Berger admires Benedict. He paused when asked why Benedict didn’t refuse to join the youth brigade, which assigned him to an antiaircraft unit. He said -- as have Jewish groups and historians who have credited Benedict for his efforts to improve the Catholic Church’s relations with Jews -- that the pope cannot be blamed for enrolling. It was another time, Berger said, when fear and oppression were constants, and few knew what the Nazis were conspiring to do.

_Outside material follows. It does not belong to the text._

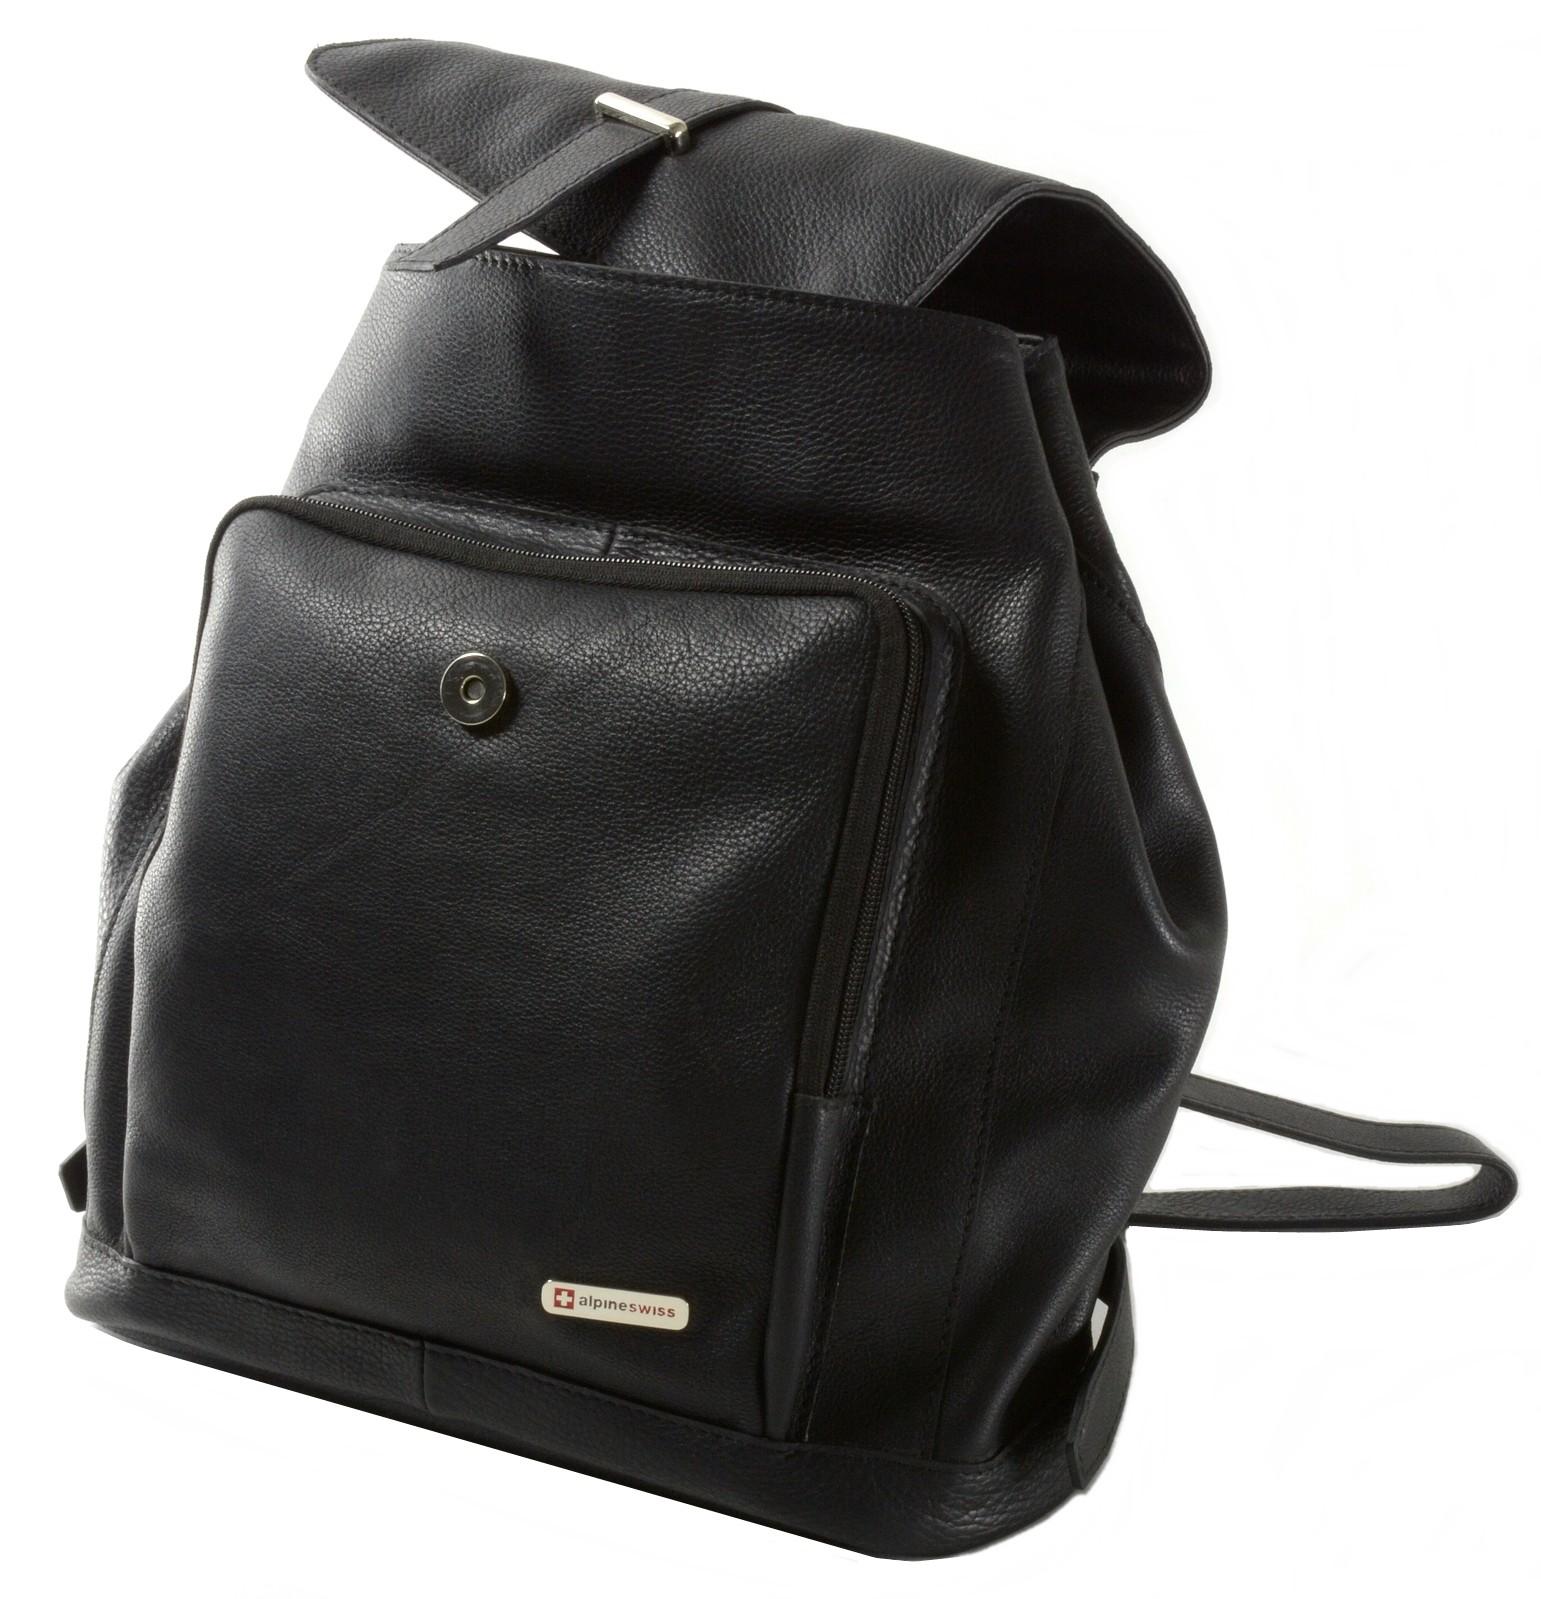 f928f12691 Alpine Swiss Monroe Leather Briefcase TopZip Laptop Messenger ... Heshe Leather  Womens Handbags ...

Ratzinger was discharged from the Hitler Youth in 1944 at age 18 and was immediately drafted into the German army to dig antitank trenches. His friend, Gragmaier, was shipped to the Russian front. Gragmaier said Ratzinger was wounded and sent to St. Michael’s seminary, which the Nazis had turned into a hospital. Ratzinger deserted in the spring of 1945, just before Germany’s defeat, and was briefly held as a prisoner of war by American forces.

The war defined Ratzinger’s early view that the church could endure evil and emerge stronger, according to the biography “Cardinal Ratzinger: The Vatican’s Enforcer of Faith,” by John L. Allen Jr. The book quotes Ratzinger as saying, “Hitler’s would not be a victory for Germany but rather a victory of the anti-Christ that would surely usher in apocalyptic times for all believers.” He added that the church was a “citadel of truth and righteousness against the realm of atheism and defeat.”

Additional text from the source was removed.